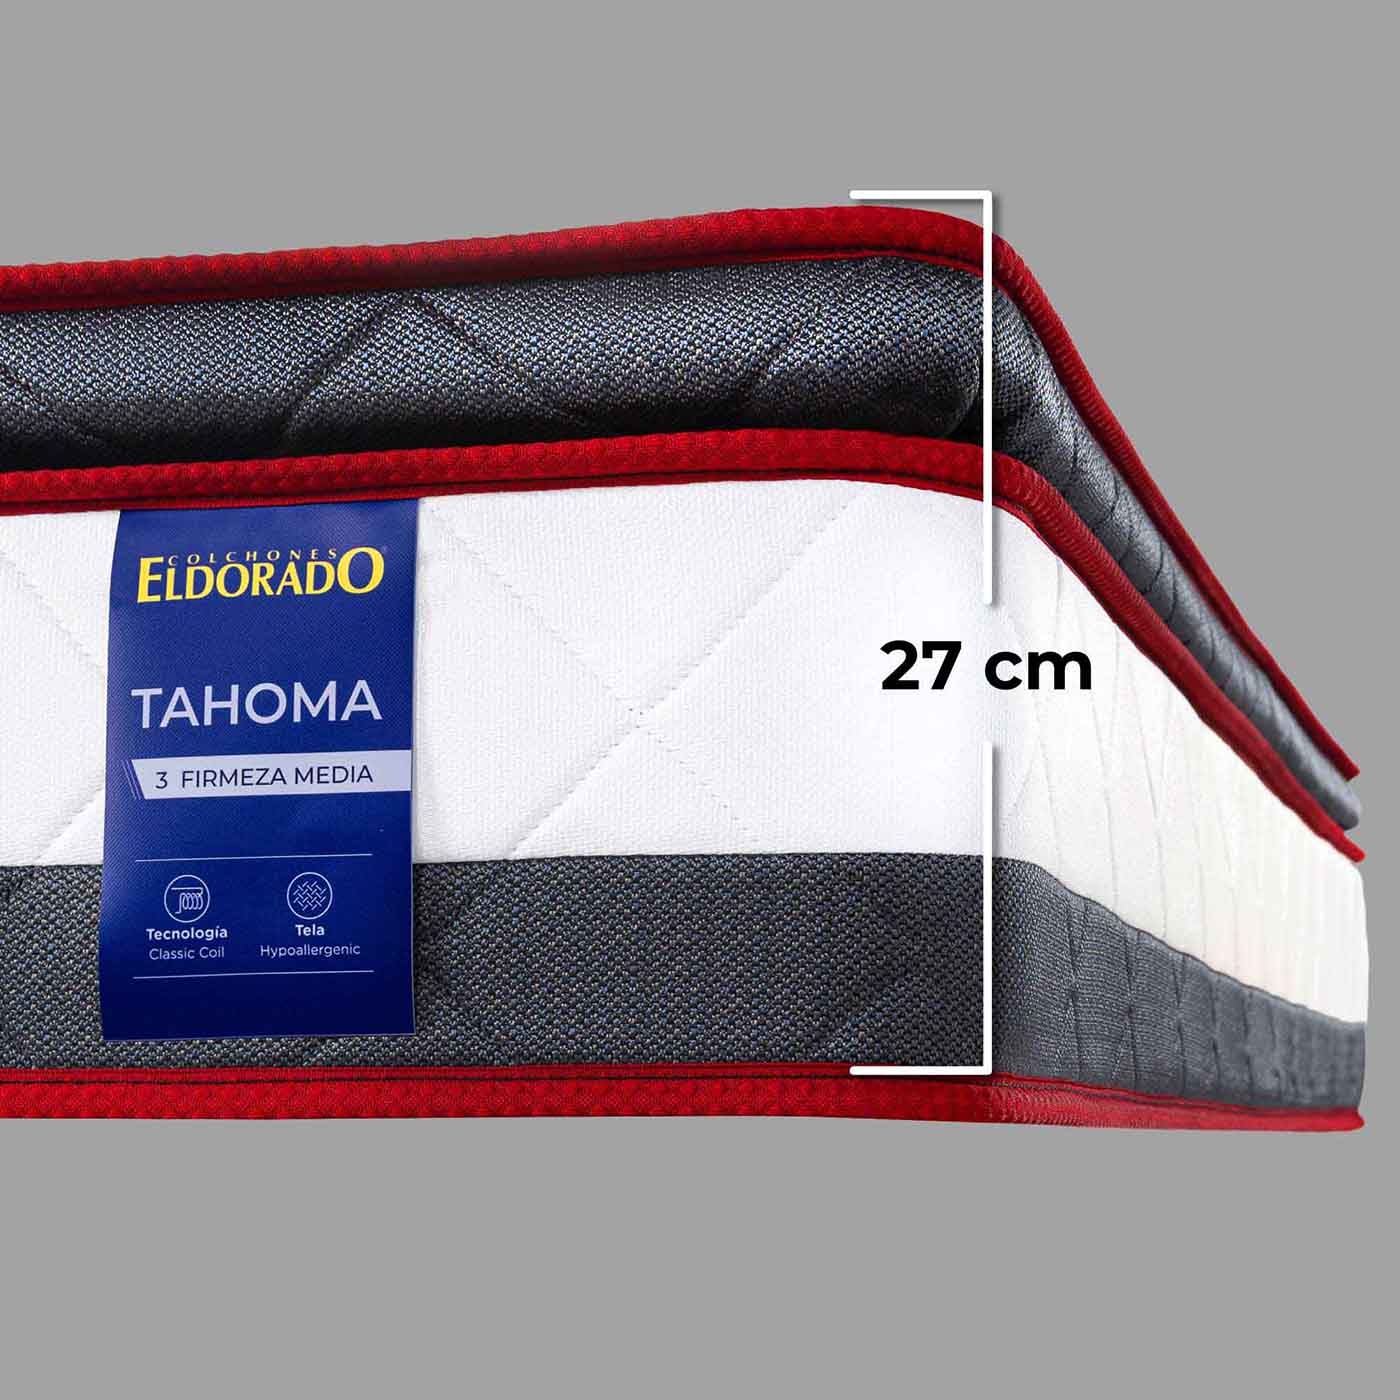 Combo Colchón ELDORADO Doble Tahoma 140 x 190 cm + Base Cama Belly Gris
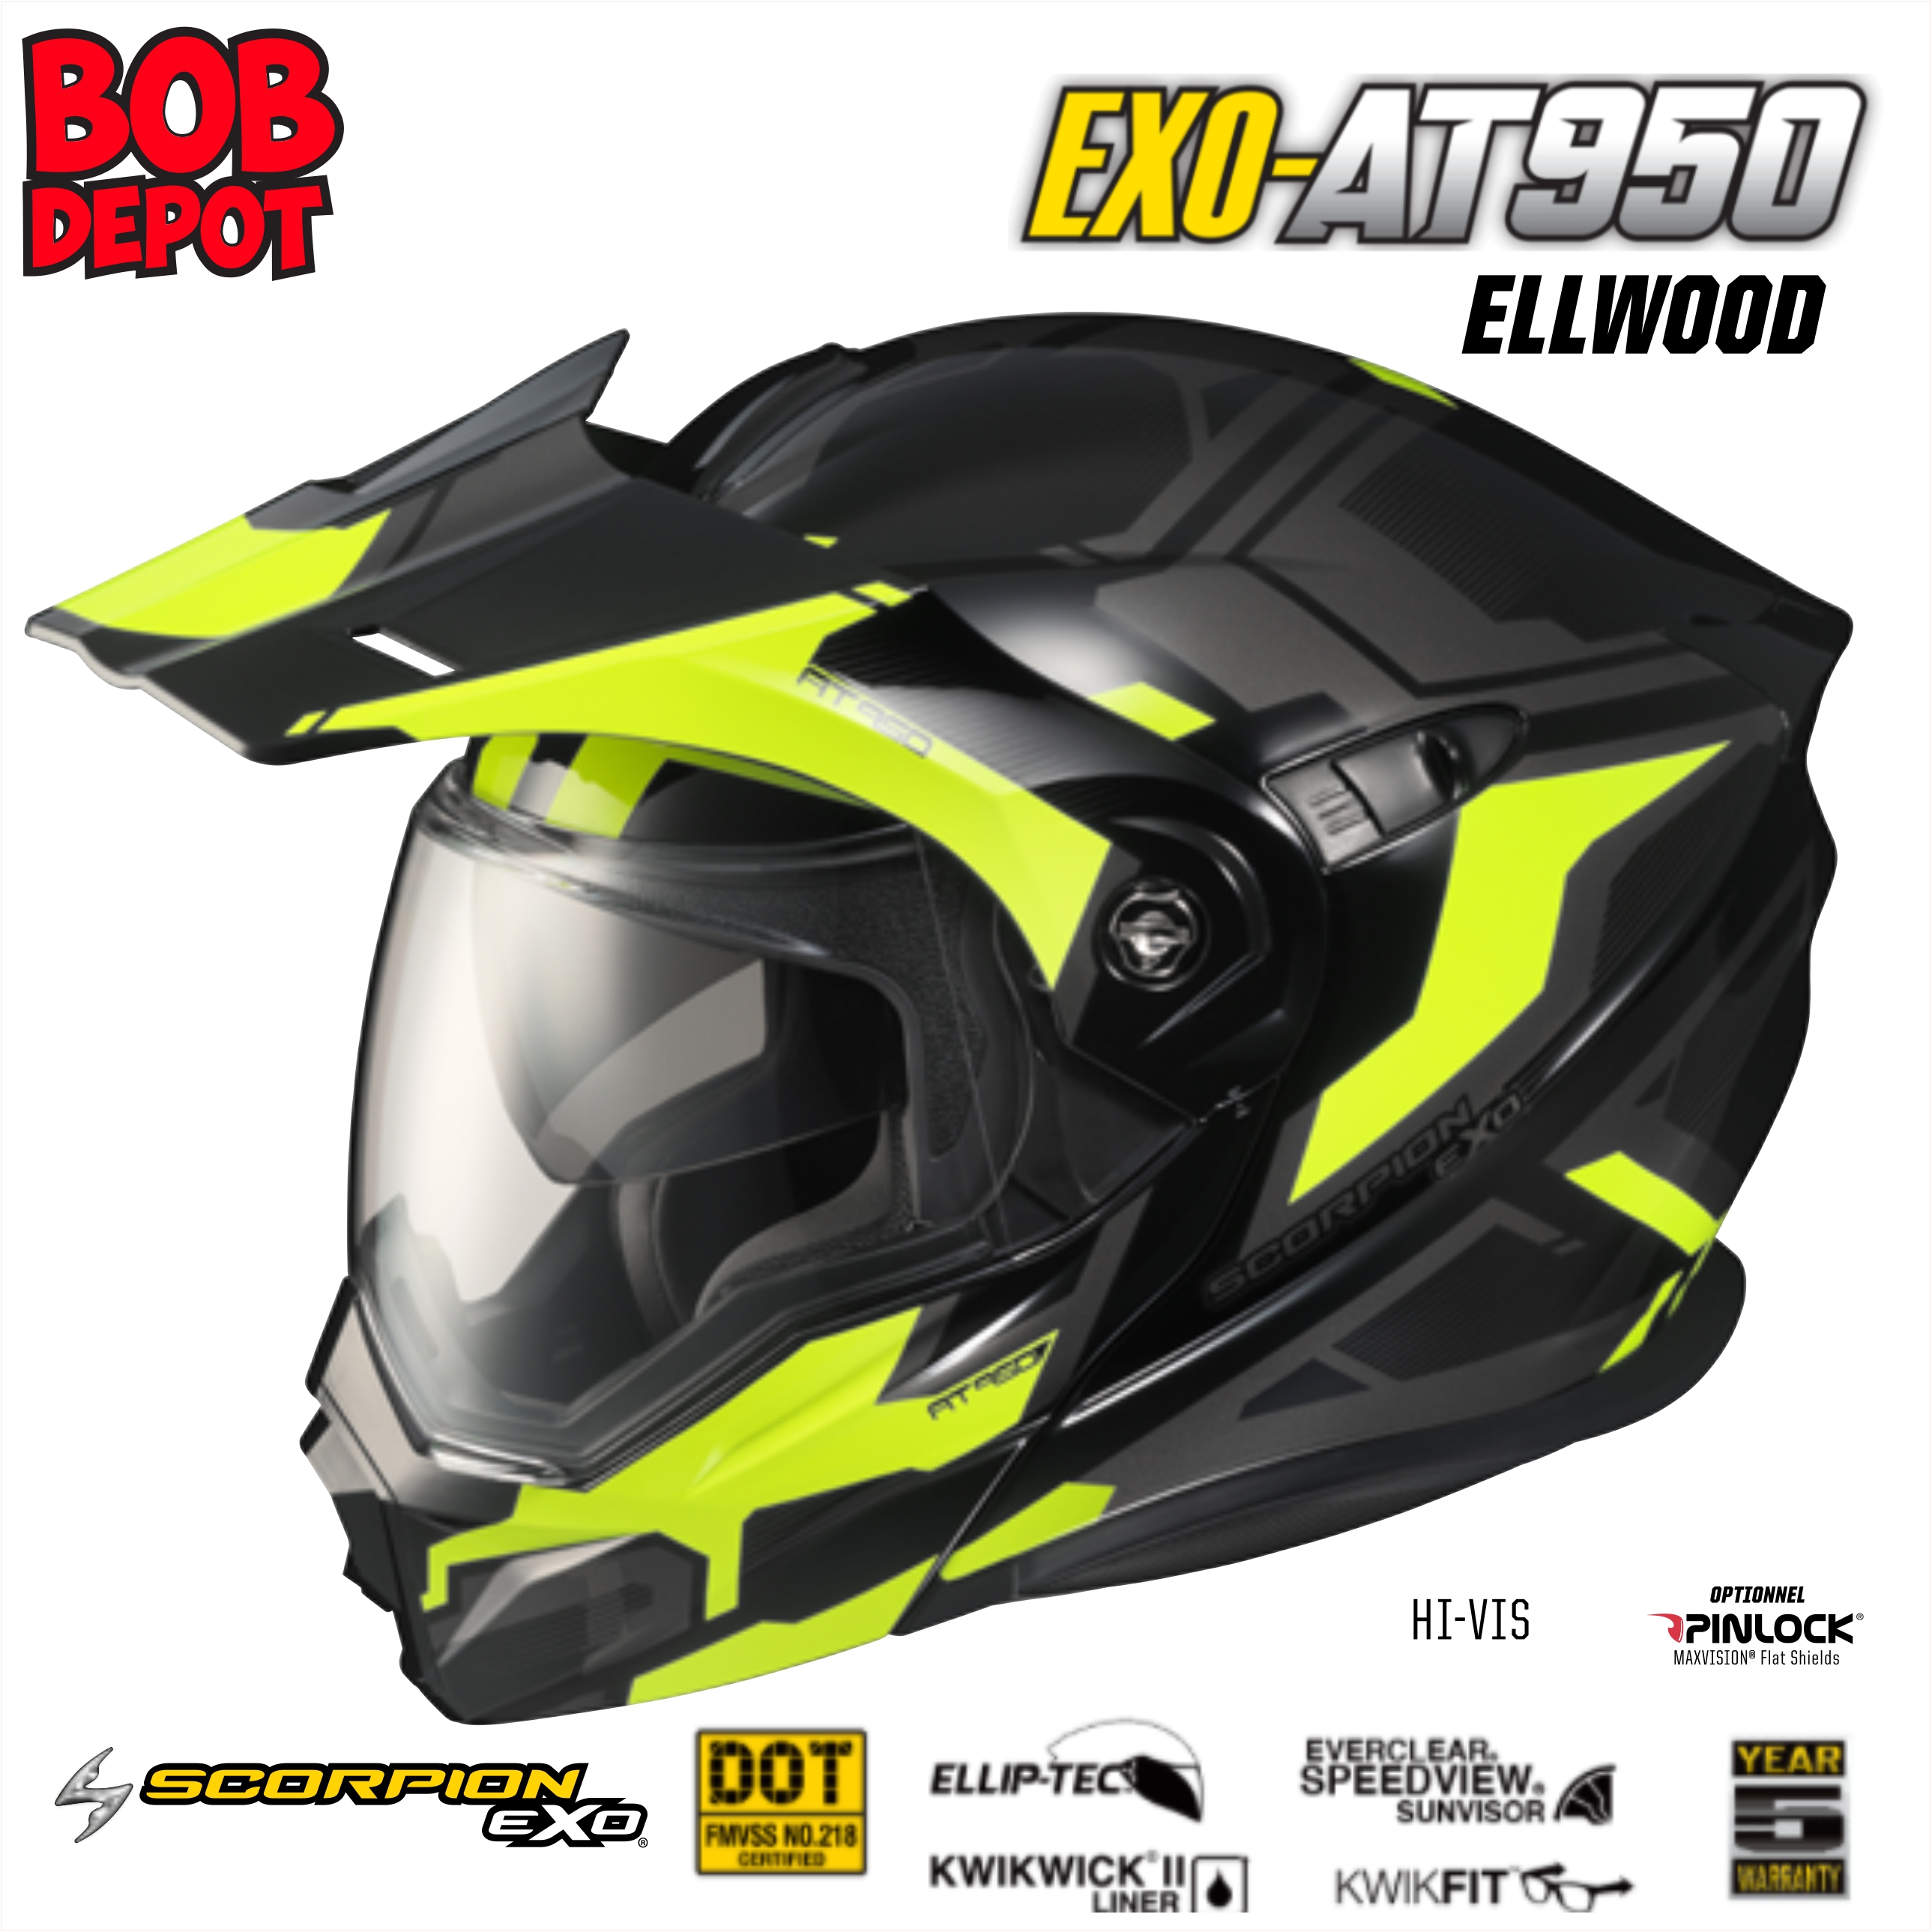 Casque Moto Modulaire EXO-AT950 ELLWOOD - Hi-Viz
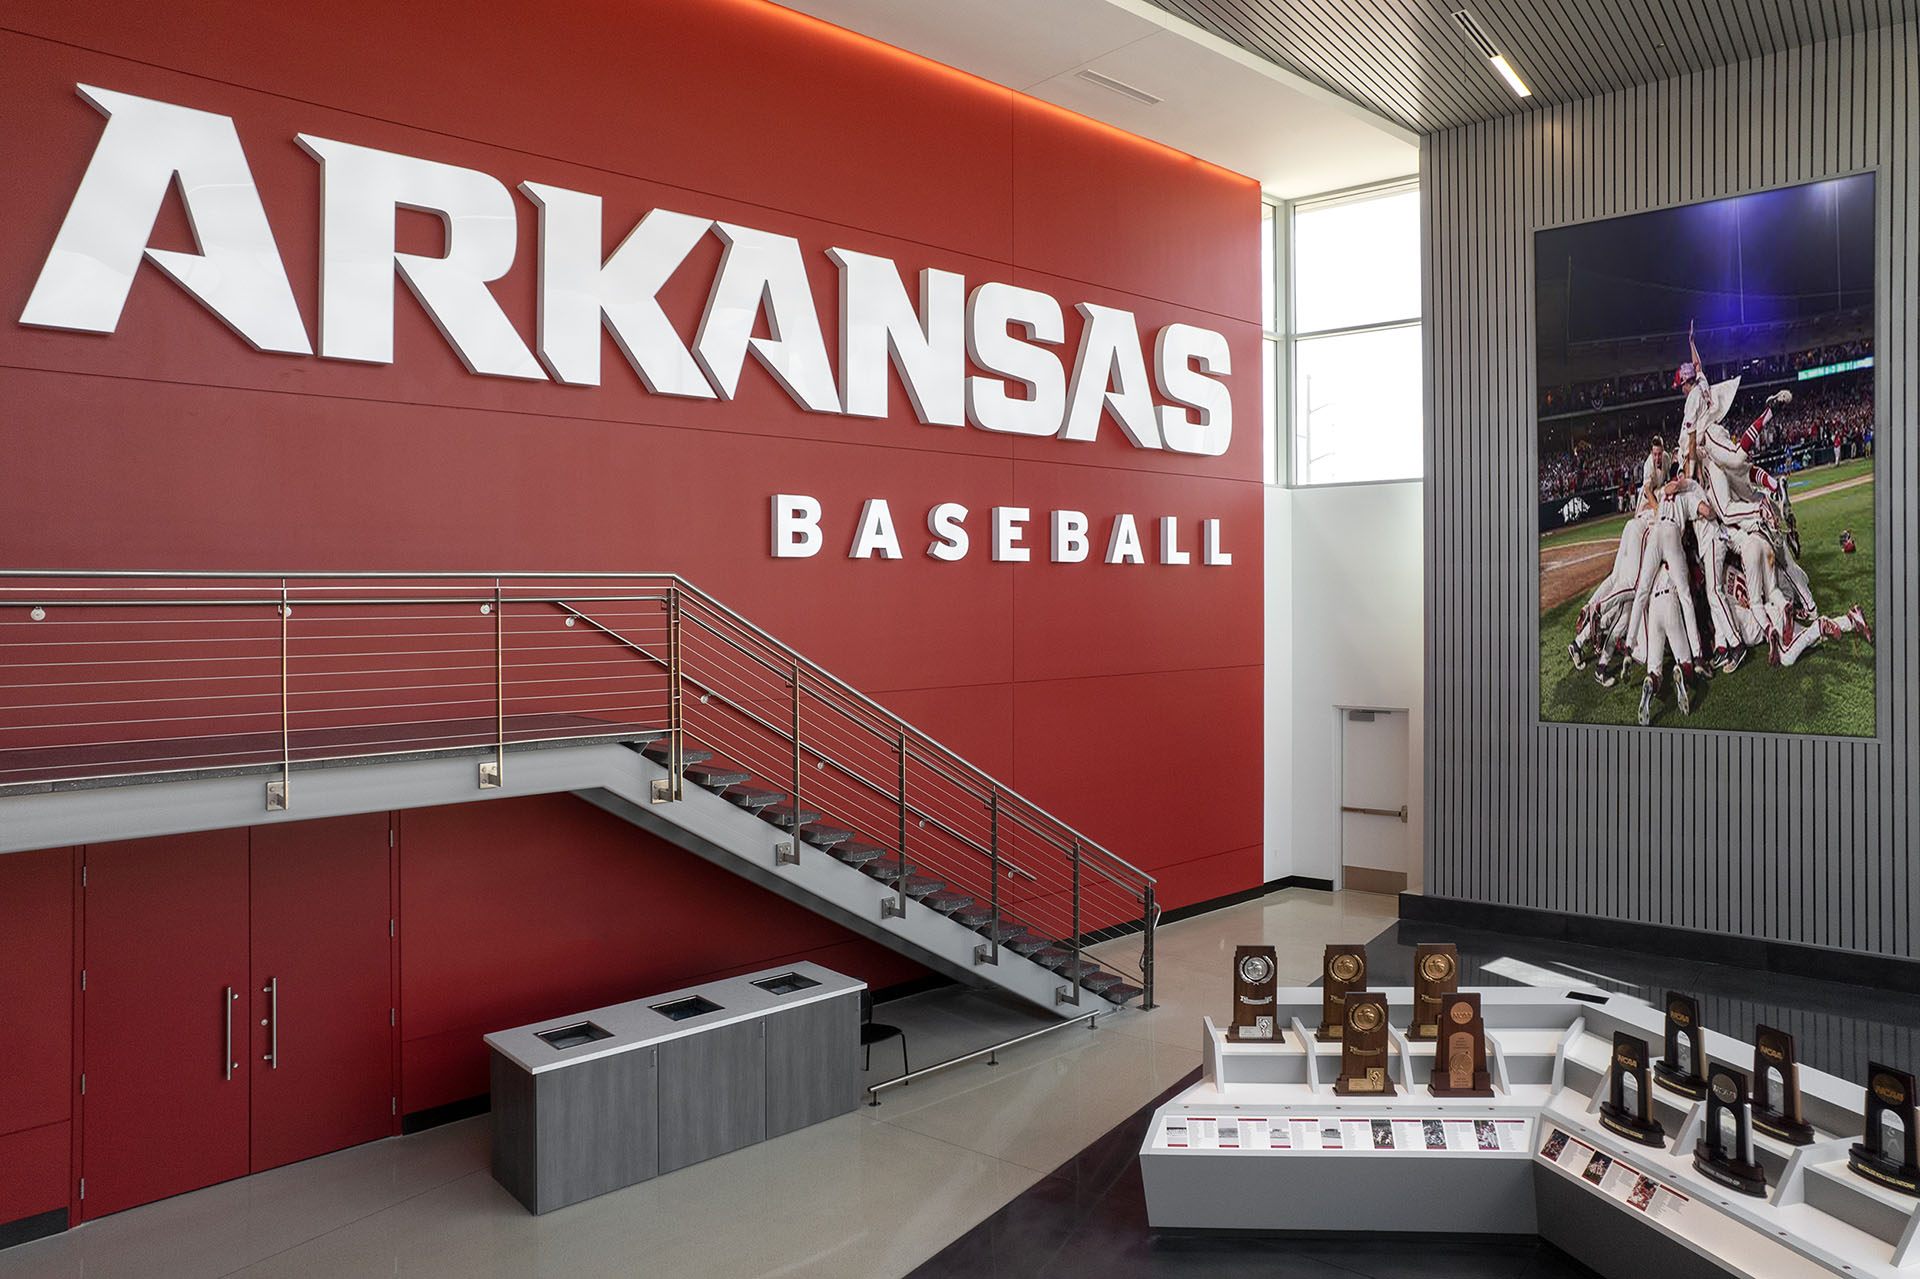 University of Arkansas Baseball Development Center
#####
[Required action] Your copy of the data should match it exactly, apart from the images, which are omitted.

[Answer section]
 Combo Colchón ELDORADO Doble Tahoma 140 x 190 cm + Base Cama Belly Gris
 Casque Moto Modulaire EXO-AT950 ELLWOOD - Hi-Viz
 University of Arkansas Baseball Development Center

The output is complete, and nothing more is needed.